She listens carefully to Keith's words.

"I agree with you entirely.  To fight when the outcome is uncertain, to duel when you know that you might come out alive, or dead... there is certainly a feeling of exhileration that comes from that."

_This is becoming... eerie.  In so many ways are we alike.  Thankfully we have our differences.  But still... the similarities, they are very unnerving..._

"I understand why you feel that way.  But, if you don't mind me asking - what does the 'moment' set you free from?"


----------



## Tokiwong (Apr 27, 2002)

_Interesting question..._

"The moment sets me free from the hum-drum of everyday life... I suppose... a brief sojourn I suppose.  To know that in that moment my will will make a change in reality... for better or for worse... the answer is perhaps not wholly satisfying... it is soemthing that should be experienced..."

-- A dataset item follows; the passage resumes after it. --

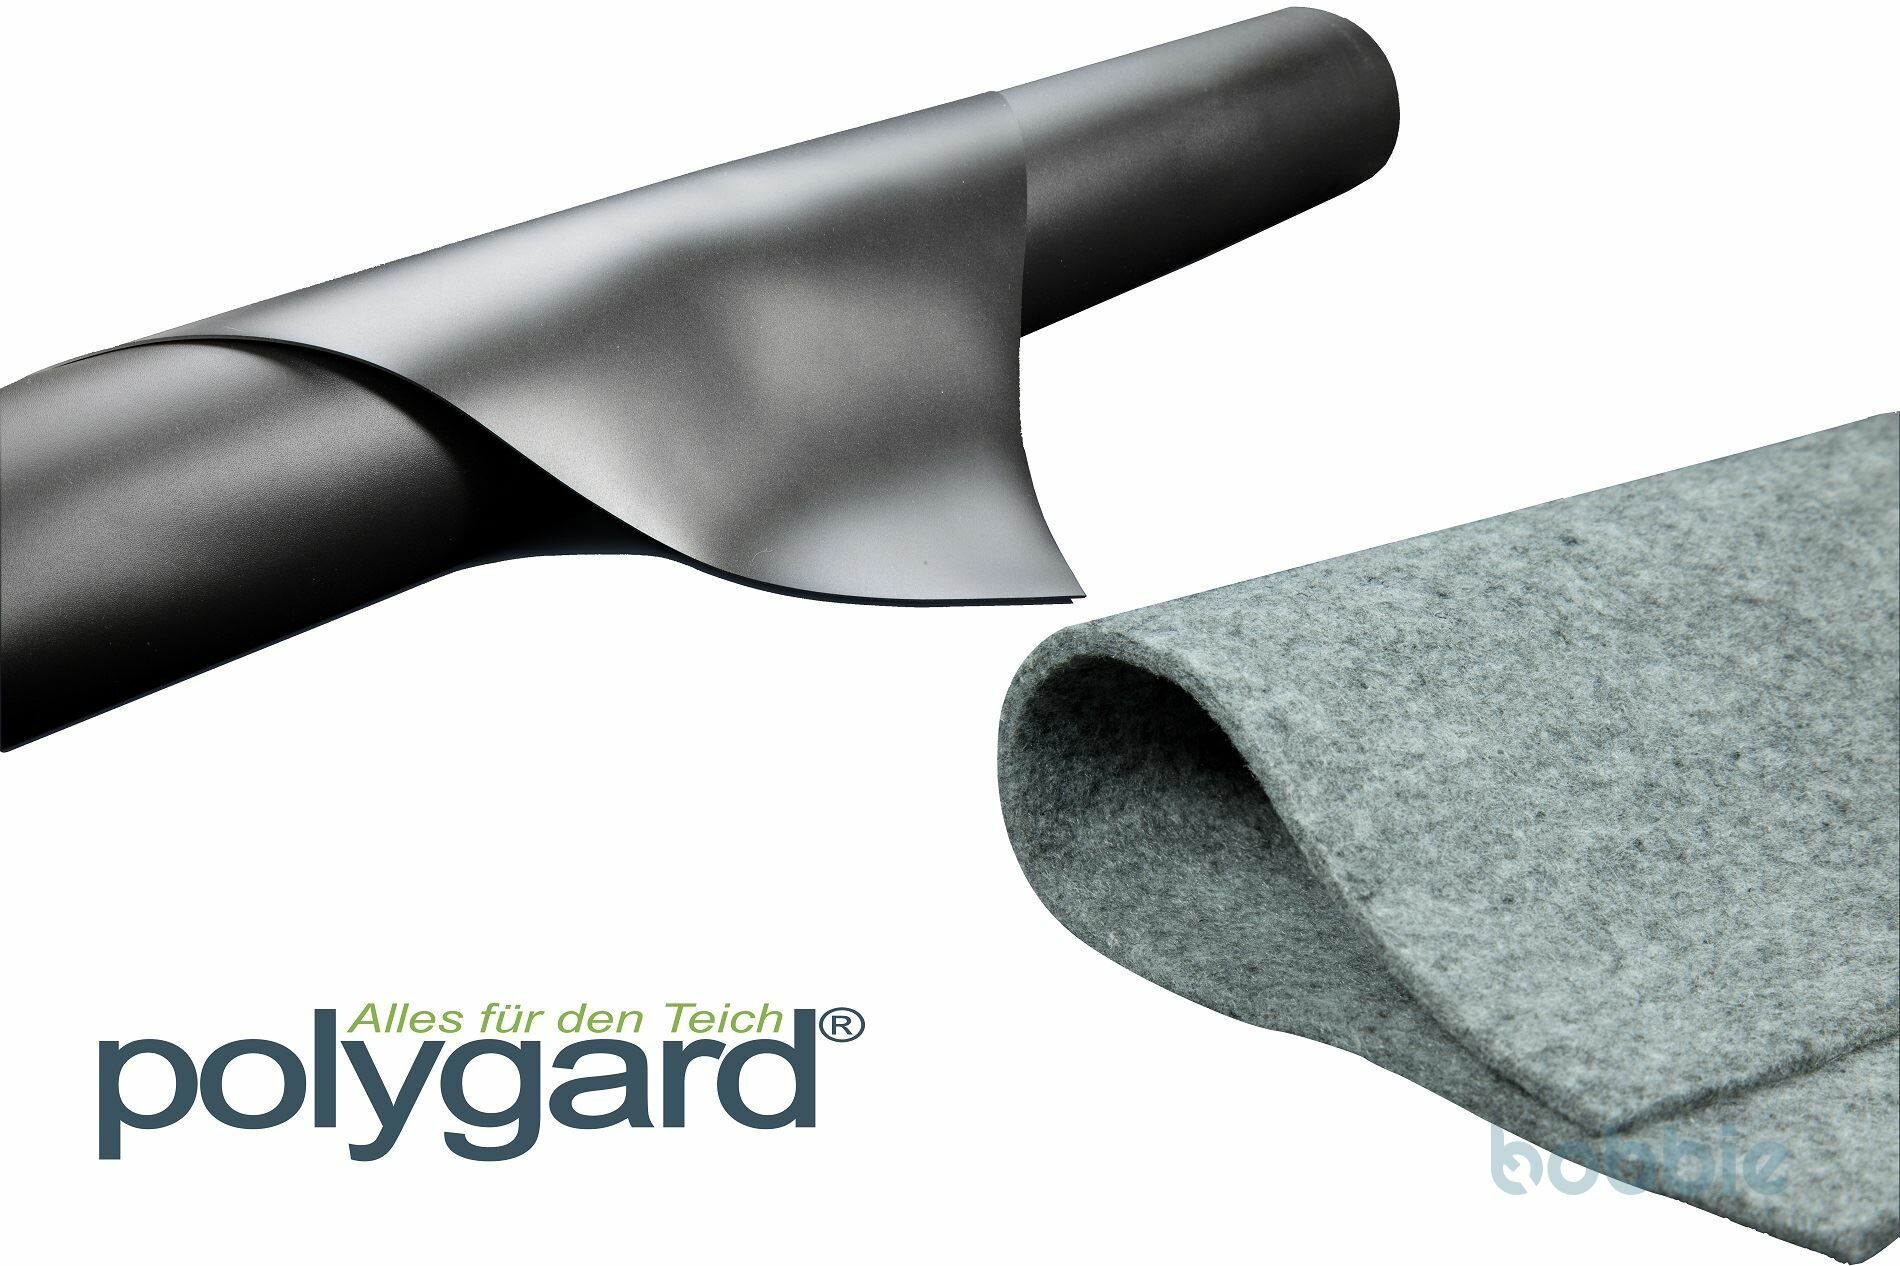 Polygard PVC Teichfolie 1mm schwarz inkl. Vlies 500g/m²

_If only I knew the whole answer myself..._


----------



## GnomeWorks (Apr 27, 2002)

_Hmm... that wasn't it._

"An interesting thought.  I don't experience any type of... elatedness like that when I am fighting.  Perhaps I am just not listening well enough to my senses.  During a duel, my feelings all get a little mixed up, and add that to trying to ensure that I don't end up hit or dead, I'm not really able to observe my thoughts at the particular moment."

_Where is this conversation going?_


----------



## Tokiwong (Apr 27, 2002)

_Interesting..._

"I try to analyze every moment... like now.. we have been chatting long after we finished our food... on subjects that most others would find terribly strange or boring..."

Keith thinks for a moment...

"Well I think I should get to some chores before the day drags on too long... perhaps we can chat later?"

Keith stands...


----------



## GnomeWorks (Apr 27, 2002)

_He's scared of something.  Why else would he be going now?  Sure we have finished our food, and we are talking of matters that 'others would find terribly strange or boring' - so?  Oh well... men..._

"They might, and might not.  We are simply friends trying to understand each other.  What is so strange about that?"

Charlotte stands up after Keith rises.

"Indeed, I also have things to do before the sun gets too high.  We should do this again some time, Keith."

With that, Charlotte begins walking back to her room, letting none of her inner, chaotic emotions show through in any of her actions.

_Why does he always act so non-emotional?  I know that he has them, but he acts as though he can't let them through.  That can't be good for his psyche.  He'll figure it out eventually, I guess..._


----------



## Tokiwong (Apr 27, 2002)

_She is inquisitive and interesting... I like her... she called me a friend... how interesting as well..._

Keith returned to his quarters with a slow measured walk... mulling over the events of the morning...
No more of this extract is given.